Is there something I'm missing? This chant performance doesn't sound right.
  • I hear stresses on the icti (if that's a word), but the chant doesn't seem to follow what's on the page.
    https://www.youtube.com/watch?v=WRU651eAAcc
  • It's awfully wooden.
    Like a paint by number work.
    It isn't music.
  • WGS
    Posts: 248
    This choir would benefit from singing psalms to psalm tones and thereby learn how to string the Latin words together.

    And there is a related benefit for a beginning choir to use Rossini proper settings in order to get the "feel" of the modes. - then progress to the proper psalm of the Introit and then to the proper antiphon.

    And I would certainly not look for stresses on the ictus. It's not like a down beat. It's an indication of the rhythmic flow.
  • What's up with not following the neumes/pitches written on the page, though?
  • MatthewRoth
    Posts: 1,224
    I know of a recording of the Lenten Te lucis ante terminum where a podatus regularly sung on the syllable after which it appears in the correct melody. Oops!
  • JonathanKKJonathanKK
    Posts: 499
    Folks, I think the joke is on you.

    As far as I can tell, this is actually a quite good ensemble, carefully making use of modern scholarship and semiology in a certain way:

    Observe how the melody exactly matches (once you subtract the liquescents) to THIS.

    No?
  • That's the answer I was looking for, I figured it had to do with some sort of semiology. I don't know anything about that, though.
  • I agree with Jonathan.
    Though it is wooden, it is artfully wooden, like a nuanced satire
  • ClergetKubiszClergetKubisz
    Posts: 1,896
    I think their performance brings the diction to the forefront, and therefore makes it easier to discern each individual word of the text. I think the performance was good, reverently rendered, and sung with excellent diction.
  • dad29
    Posts: 1,912
    nuanced satire


    .
  • Wow. That the first reactions here were to trash this performance (based on some amorphous, anachronistic aesthetic constant) rather than to inquire about its origins and basis seems both anti-intellectual and self-serving.
  • CCoozeCCooze
    Posts: 876
    I found it very interesting. At the beginning I was confused, but since they were consistent in their rendition, after the initial surprise, I thought it quite nice.

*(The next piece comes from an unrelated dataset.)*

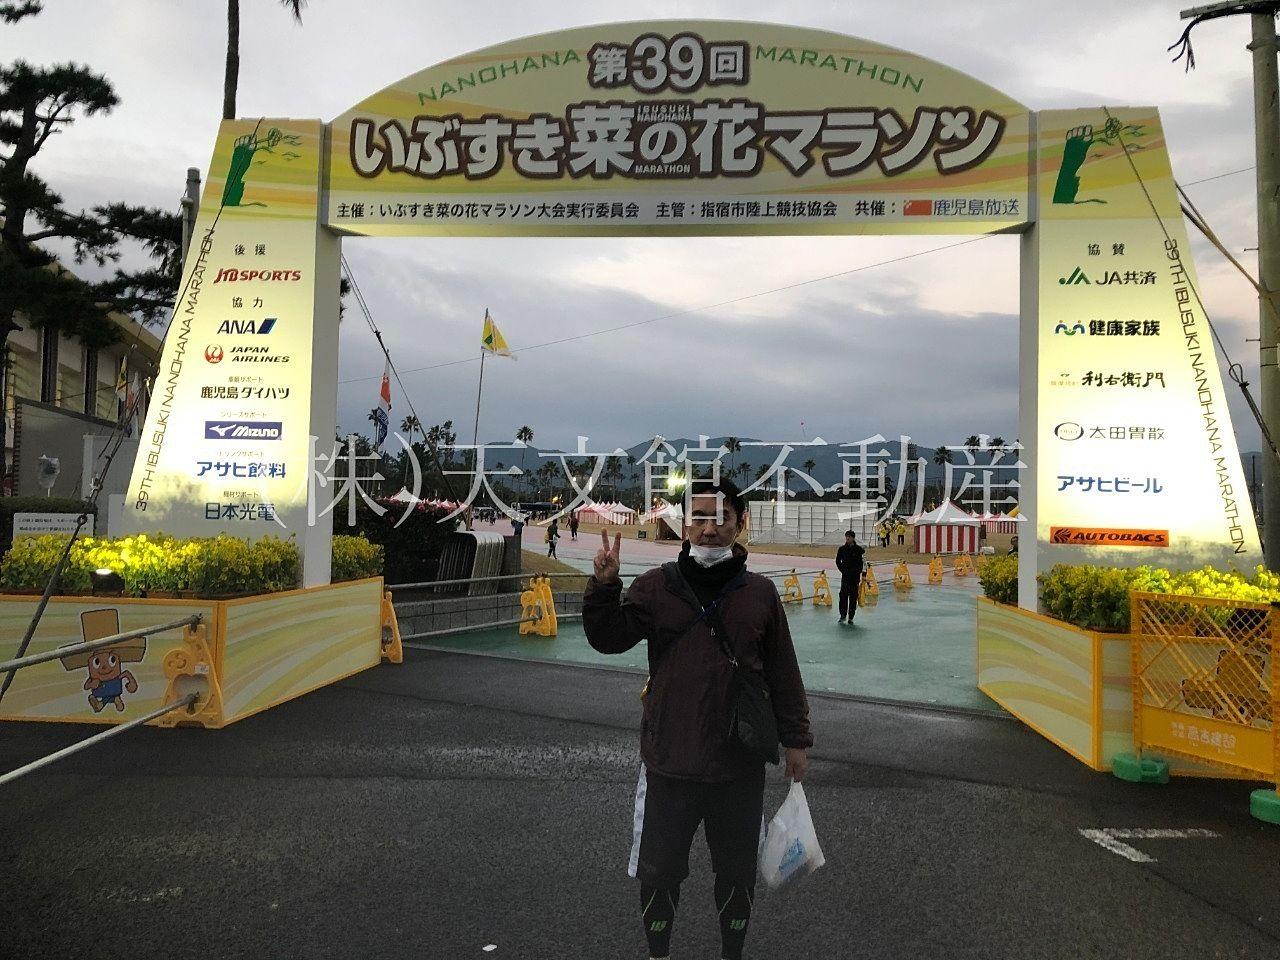 第39回いぶすき菜の花マラソンに参加してきました。受付を済ませて記念写真を撮りました。

    That doesn't mean that I'd ever chant in this manner if I had a choice, but I feel that way about less conspicuous manners of chanting, as well. For example, I've never felt the need to adjust lengths/iterations of neumes based on anyone's opinion of "but the phrases have to be either of 2 or 3, and that's that."
  • Liam
    Posts: 4,102
    The performers are the Schola Cantorum Sancta Cecilia in Leiden (Netherlands).

    Here's a visual of the chapel:

    https://www.youtube.com/watch?v=tgnT2pcsM2g
    Thanked by 1CHGiffen
  • The initial song on Liam's video is to an operatic tune by Handel. I can't recall the original words right now, but they are to the effect of 'Hail the conquering hero...'. Who can jog my memory?
  • MarkS
    Posts: 248
    It's the march from Judas Maccabeus. I think you have the words about right!
    Thanked by 1M. Jackson Osborn
  • a_f_hawkins
    Posts: 2,093
    Hymns Ancient & Modern, New Standard Edition‎ #428 'Thine be the glory'
    written by Handel in 1747, intended for use in Handel's Joshua oratorio; however, when it was played, it was popular enough that Handel added it to Judas Maccabaeus. 'See the conquering hero comes'
    PS I hate this use of "NEW", in this case 1983!
  • Liam
    Posts: 4,102
    Which hailed the Duke of Cumberland (aka Butcher of Culloden).
  • It is paired with the text Tochter Sion amongst some Lutherans.
  • And, once again, a thread descends into trivial banter that belongs on Its own thread so labeled or on FB.